JPS5976418A - Manufacture of thin film - Google Patents

Abstract

PURPOSE:To provide a thin film of high purity at wide region from low vacuum degree to super high vacuum degree, by a method wherein high-frequency heating system is adopted, and evaporation material itself is heated to evaporate the evaporation material. CONSTITUTION:Top end of a rod evaporation material 1 standing upright is heated by a high-frequency coil 3. Then a substrate 4 is installed above the material 1. Top end of the heated rod 1 is melted into liquid state thereby a melted liquid 2 is formed.
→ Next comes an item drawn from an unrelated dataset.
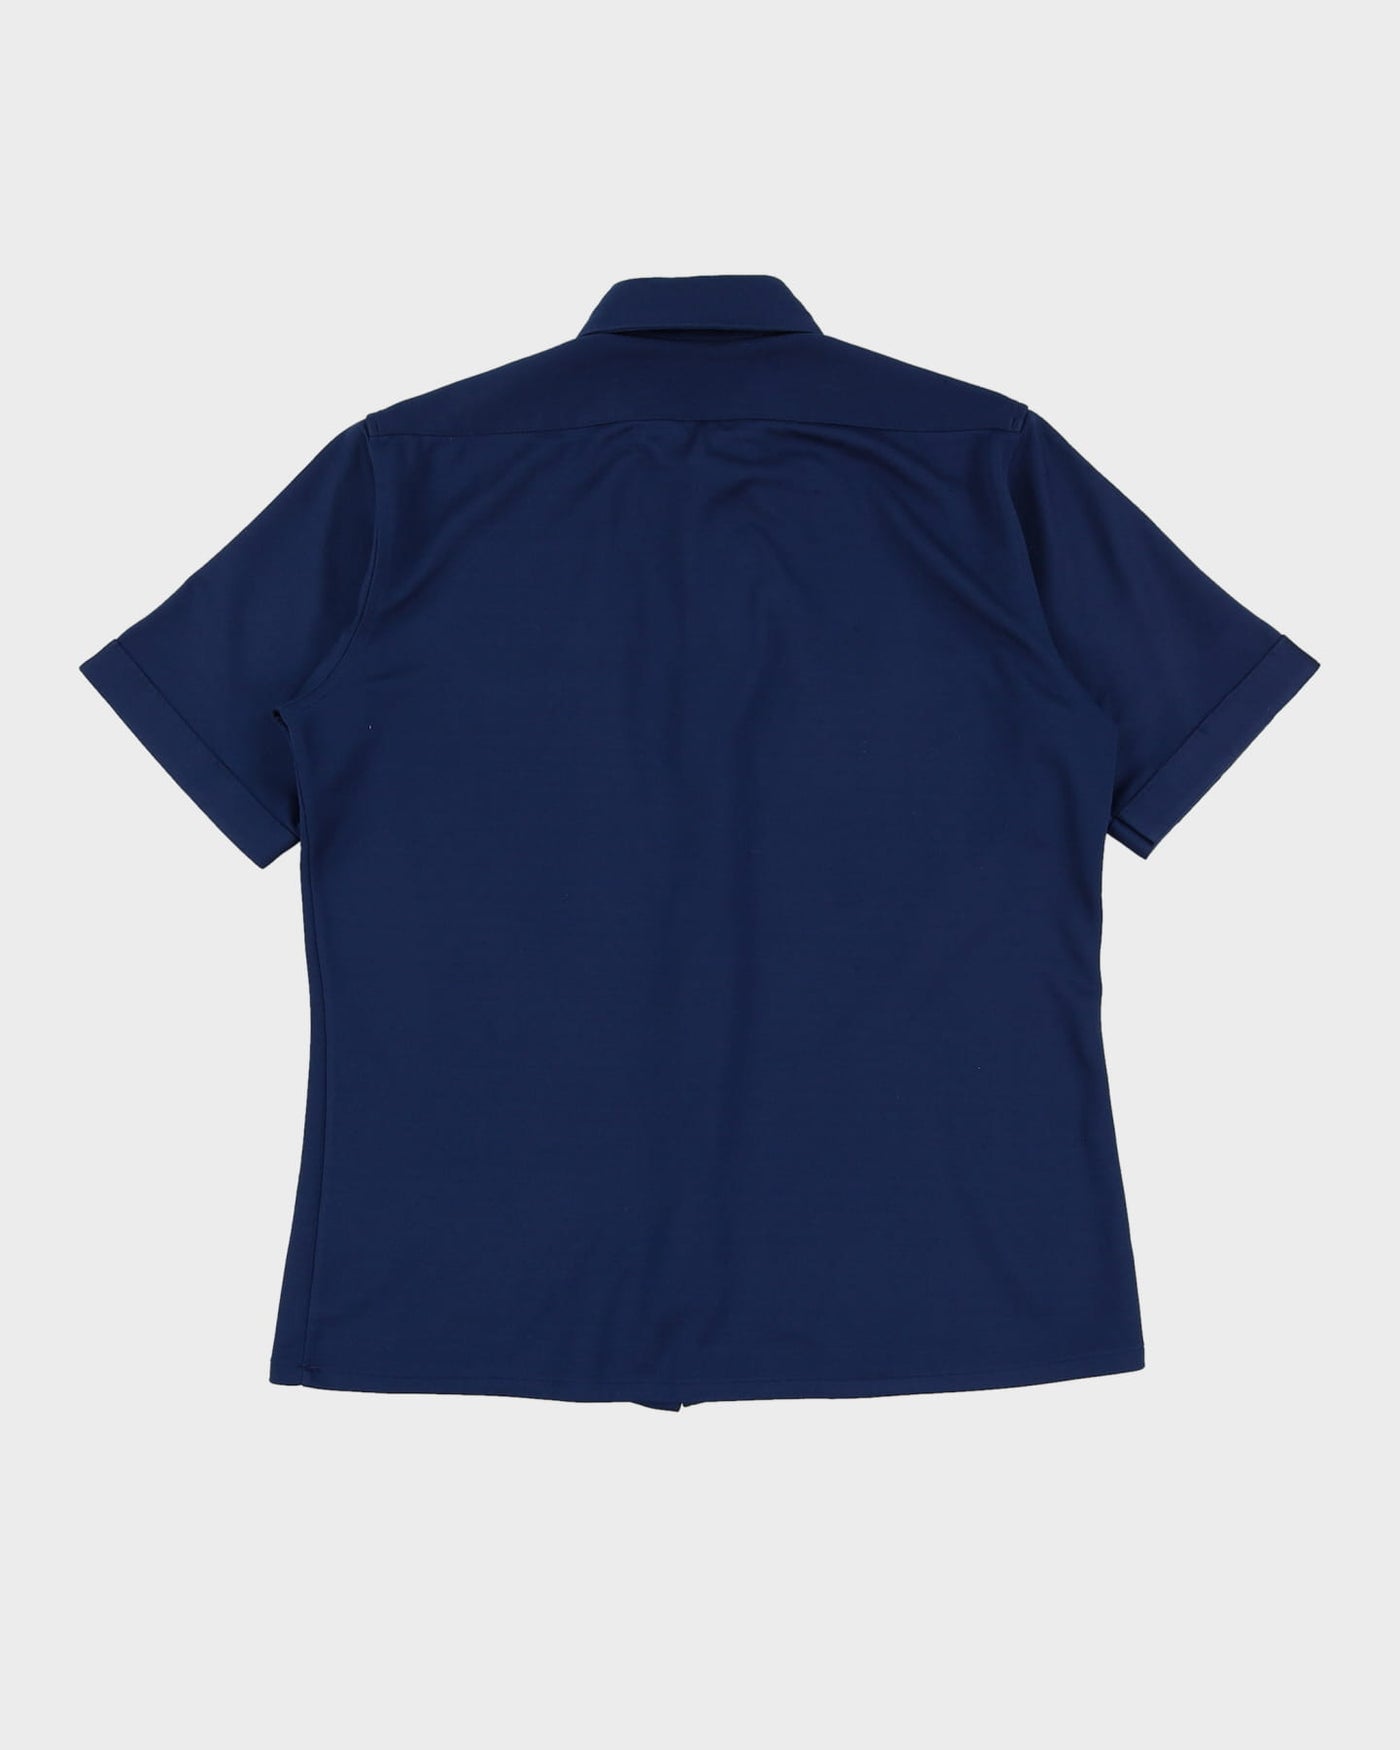 Vintage 70s JC Penney Navy Short-Sleeve Work Shirt - XL

When an evaporation film is formed on surface of the substrate 4, a shutter 8 is opened. The formed evaporation film has similar purity to that of the rod evaporation material. Since the material 1 serves also as suscepter for the melted liquid 2 and has the same material property as the melted liquid 2, quality of the evaporation material is maintained well. Evaporation source in this method not only has high purity but also acts at even high gas pressure, for example, at hydrogen gas atmosphere of about 10<-2>Torr.

Description

[Detailed Description of the Invention] [Field of Application of the Invention] The present invention relates to a method for producing a thin film, and more specifically, the present invention relates to a method for manufacturing a thin film, and more specifically, heating one tip of a rod-shaped evaporation material using a high-frequency heating method.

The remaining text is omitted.